There are few things more universal in our fractured world than love and respect for the Beatles.
More than 55 years after their American debut, appreciation for the Fab Four continues and transcends easy categorization and demographics. Even young children are exposed to the music from family and friends and also mass media, including an Australian animated series Beat Bugs which regularly features the music of the Beatles.
It is little wonder then that when Fort Wayne radio legend Doc West first conceived of Beatlefest, which first took to the streets of Fort Wayne in 2012, it was an immediate success. And now, as the first weekend of the Rock the Plaza series, it continues to bring in fans of all ages.
He could work it out
“I came up with the idea awhile ago,” West said. “We do a lot of events and presentations, but this was something that hadn’t been done before. It took off like a rocket with a very multigenerational audience. The Beatles are one of the first bands that parents teach their kids about. And parents are taking their kids to see Paul McCartney or the Who.
“We’ve never seen anything like this before in rock n’ roll. People show up to Beatlefest in their Beatles T-shirts. And it’s all ages. It’s the rock tots, and it’s people in their 60s and 70s. That’s just part of what makes it so cool. And the music has such a positive message and vibration. It has a real up feel to it which is part of the magic.
“The music is incredible, but it isn’t really heard on the airwaves that much anymore,” West added. “The same is true of the Rolling Stones. But there is still so much interest in that music. I’m just flabbergasted by it.”
Ticket to ride to longer life
As West also points out, there’s a lot of conflict in the world — in our country — at the moment, and there seems little chance of that waning anytime soon. But there are still plenty of ways we can find our commonality amidst the chaos. He specifically cited a study commissioned by the O2 in England, published in March, that suggests we can live up to nine years longer simply by attending a concert every two weeks.
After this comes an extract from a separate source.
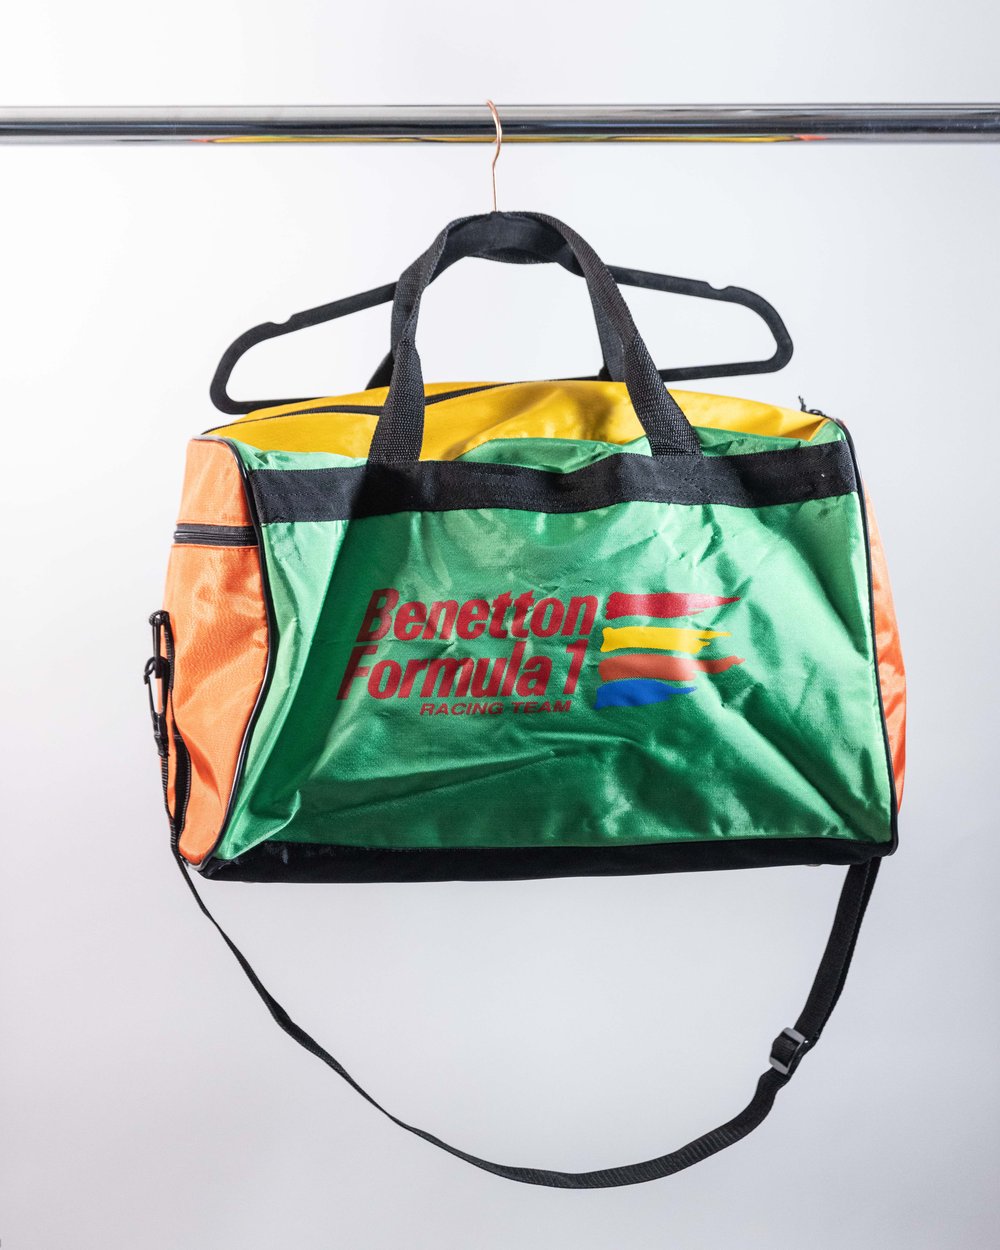 Benetton Duffle Bag | Checkpoint Japan

“It said that part of the joy of going to a concert isn’t just hearing the music but sharing it with thousands of other souls,” West said. “Sharing that together, the smiling and the energy, has a positive effect on your life. When you go to a great concert you come away feeling great, not just from the music but from the whole shared experience. It’s a lot of positive energy that has an effect on your whole body and well being.
“If you attend concerts, you have a better life. You can see that at Beatlefest. A lot of people who didn’t know each other have met at Beatlefest because they keep coming back year after year. And you look around at all these little rock tots dancing to the Beatles’ music, and you just think, ‘This is great. We’re handing something down to these kids.’”
Coming on June 1, just two days before McCartney’s own arrival in Fort Wayne, Beatlefest will once again bring the joy of that music to the Allen County Public Library plaza.
It’s the official kickoff to the Rock the Plaza series which continues through the summer, ending with Zep Fest on August 31 and filled with dozens of great bands in between.
This year’s Beatlefest lineup includes the Wailhounds, Heady Times, Harp Condition, and Sunny Taylor & Family. Each band will play for 40 minutes with performances beginning on the hour beginning at 6 p.m.
Here Comes the Sunny
West approached the show with a plan in mind.
“I’d seen Sunny Taylor & Family at the Christmas show at C2G and thought they were great,” West said. “I love to see young musicians and singers getting a chance to perform, and I’m really looking forward to hearing them this year. They’ll start the show at 6.
“I also thought there should be a more psychedelic sound to this show since it’s been 50 years since 1969 and Woodstock and all of that. So this show has been psychadelicized a bit from other years. Heady Times was a band that, the first time I heard them, I was just knocked out by the vocalist and knew we had to have them play at Beatlefest. The Wailhounds say they could do a two-and-a-half hour set of just Beatles music, and Harp Condition’s Dan Dickerson plays that harp with a really psychedelic groove. So I think it’s going to be a great show.”
West’s enthusiasm for Fort Wayne and its music scene have only grown since he arrived in this city 40 years ago this August, and his love of classic rock is well-documented. But he sees a great future for music in this city and for the love of music in the upcoming generations.
While he notes that some of his contemporaries are missing now from events like Beatlefest, he’s heartened by the kids he calls the rock tots.
“These kids know so much more about music now, and music of all kinds, than we did,” he said. “They can go to YouTube and instantly find 20 videos by Buddy Guy. We didn’t have that kind of thing like they have now with the internet. There are places like the Clyde and the Club Room which give younger musicians a chance to play, and I love to see that because we need to have places so musicians who are under 18 can come and play. And with Sweetwater here in Fort Wayne, the future of music in Fort Wayne is incredibly bright.”